To help us provide you with free impartial advice, we may earn a commission if you buy through links on our site. Learn more

Facebook to start “fixing” your photos

New auto-enhance tools will fix your smartphone snaps before they're added to your timeline

Facebook will begin automatically “enhancing” photos taken on mobiles, in a bid to rid the world of dimly lit smartphone snaps. The new auto-enhance feature has already been introduced for iOS devices and will soon arrive on Android, according to a report on TechCrunch.  

The auto-enhance tool is designed to make it easier for people to quickly post smartphone photos to their Facebook timeline, saving users from faffing around with editing tools, which most people won’t use anyway. A slider will allow users to tweak with the brightness, shadows and clarity of a photo, in case the Facebook algorithm gets it wrong.

Fed up with smartphone snaps? Read our latest camera reviews here

Facebook isn’t the first service to offer auto-enhanced photos. Google has offered a similar feature via its Google+ app for some time. The Google+ app uploads a copy of users’ photos to the cloud and then applies enhancements, putting an icon on photos that it has fiddled with. The results are erratic, however, giving Facebook more than a little room for improvement.  

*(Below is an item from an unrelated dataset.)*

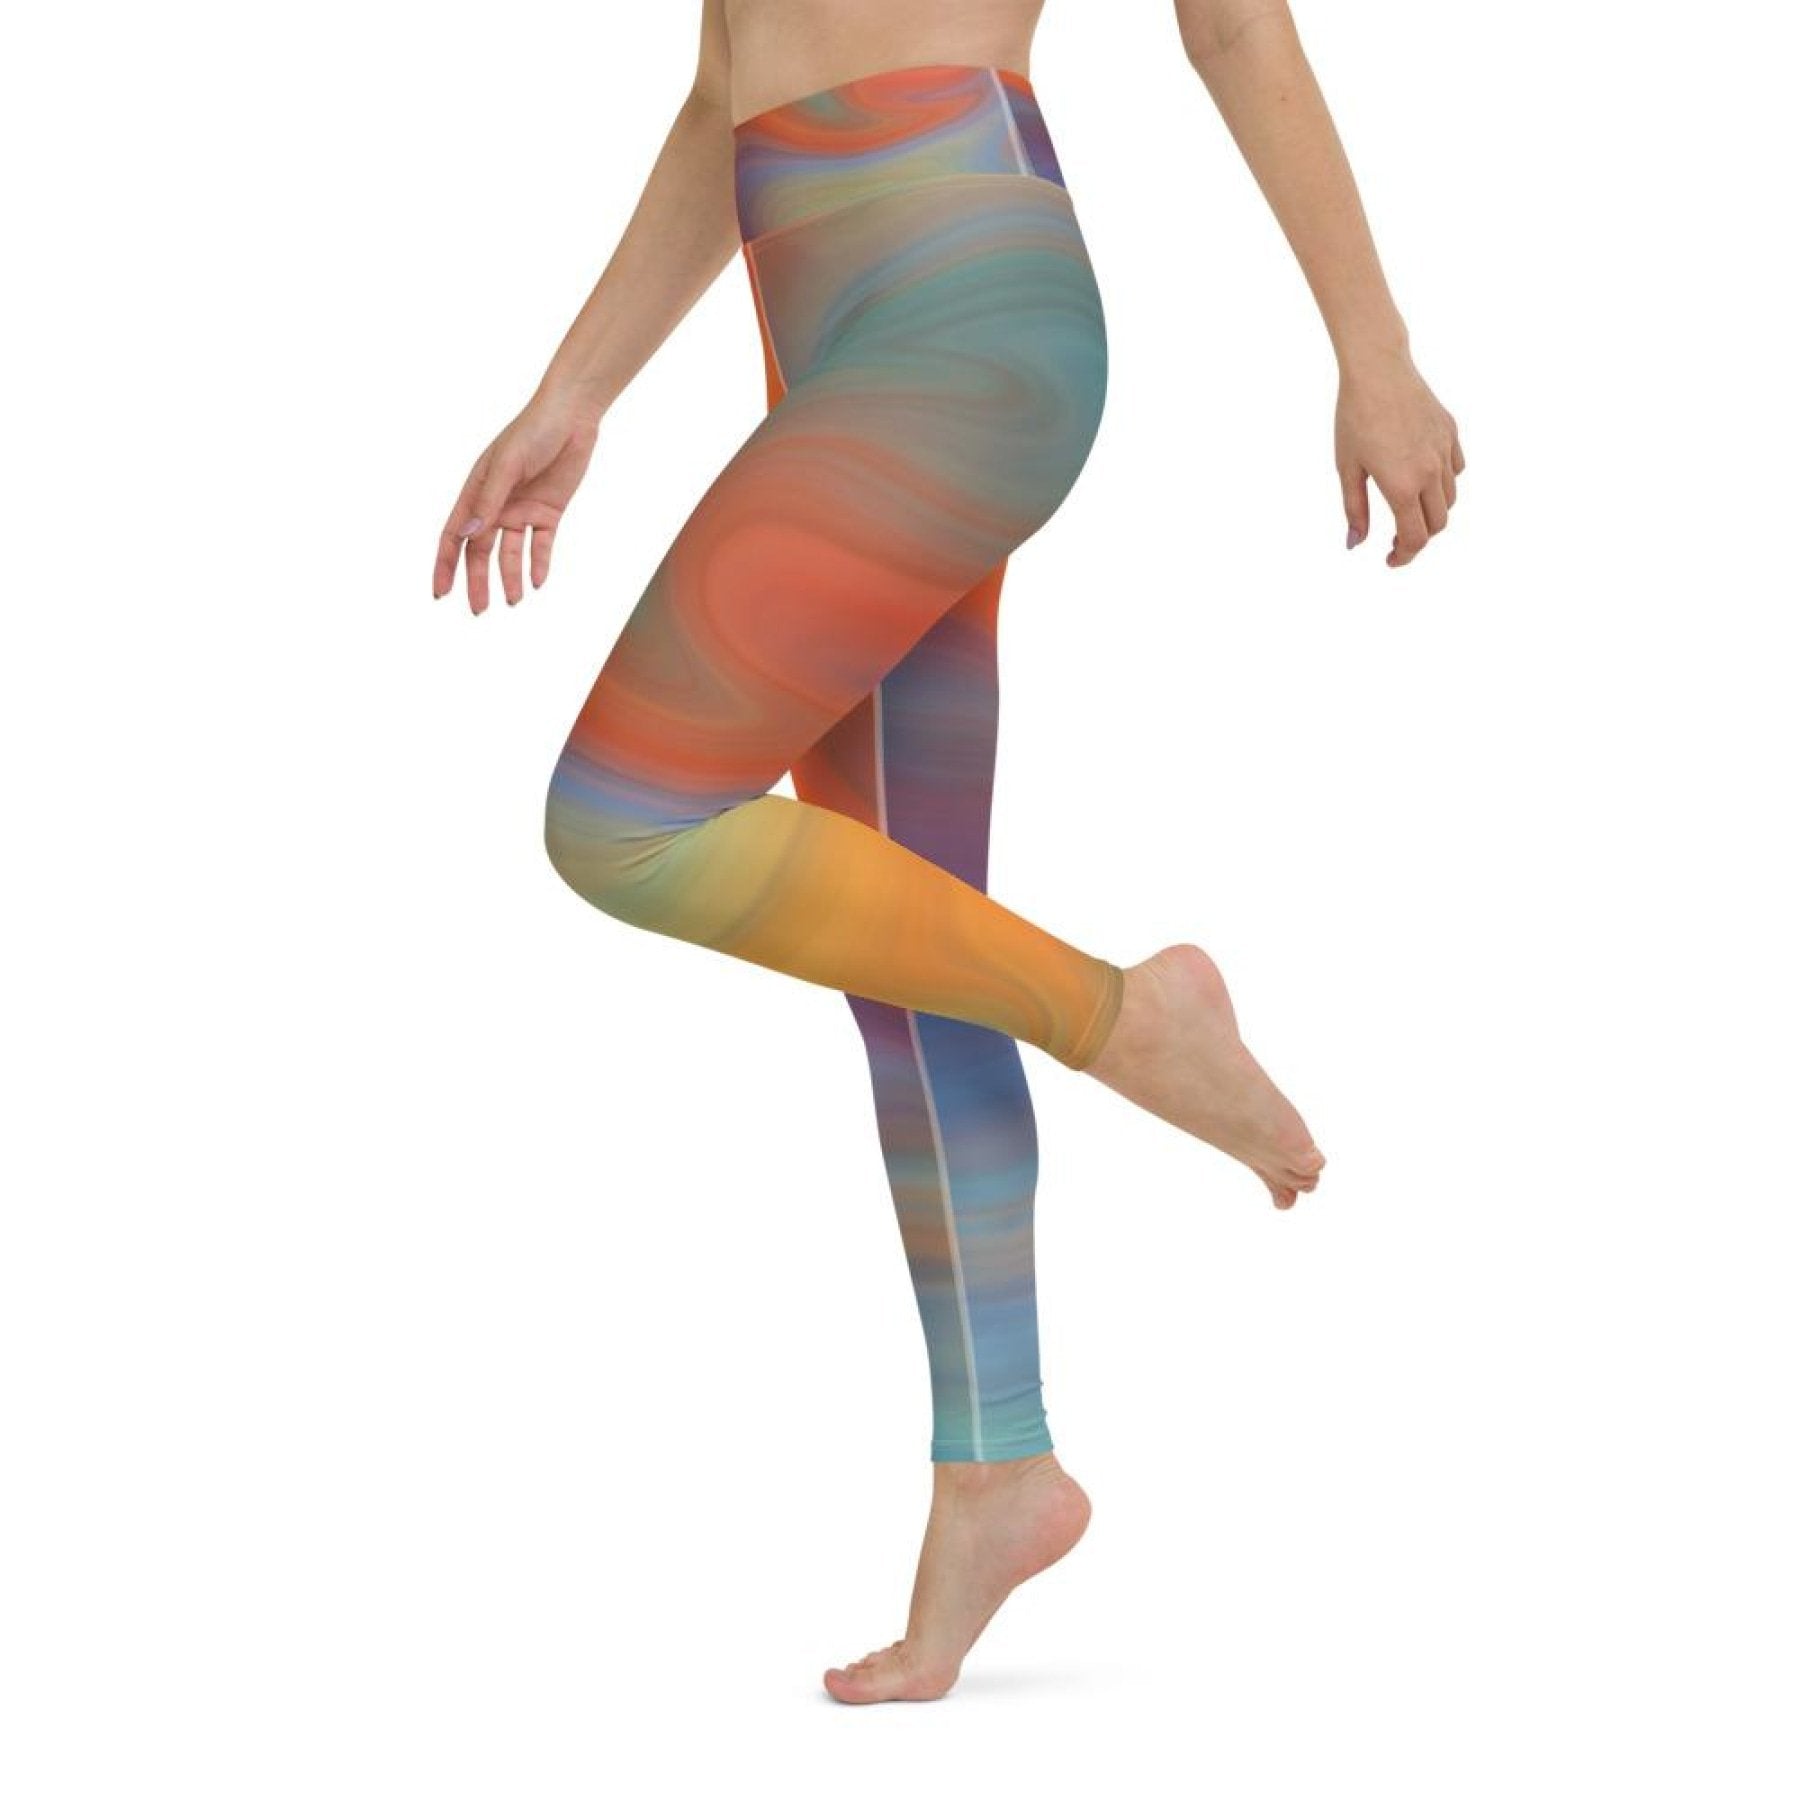 Womens Leggings - Orange Swirl White Seam High Waist Fitness Yoga Pants

Photos are a key battleground for the social networks, not least Facebook. It paid $1 billion for photo-sharing app Instagram in 2012, and may even have acquired the auto-enhance technology as part of that deal. Instagram this week added another five filters to its app, which remains independent of the main Facebook app. 

Twitter revamped its photo filters earlier this month, offering different options in an Instagram-like strip along the foot of the screen and allowing users to control the strength of each filter. Google+ continues to add new editing tools to its service, now offering selective adjustments that allow users to, say, boost the brightness in only a small section of the photo. That feature has been borrowed from Snapseed, which Google acquired in 2012.

The social networks’ photo facilities have stolen the thunder of dedicated sites such as Flickr, which has long since faded as the default place to share digital photos.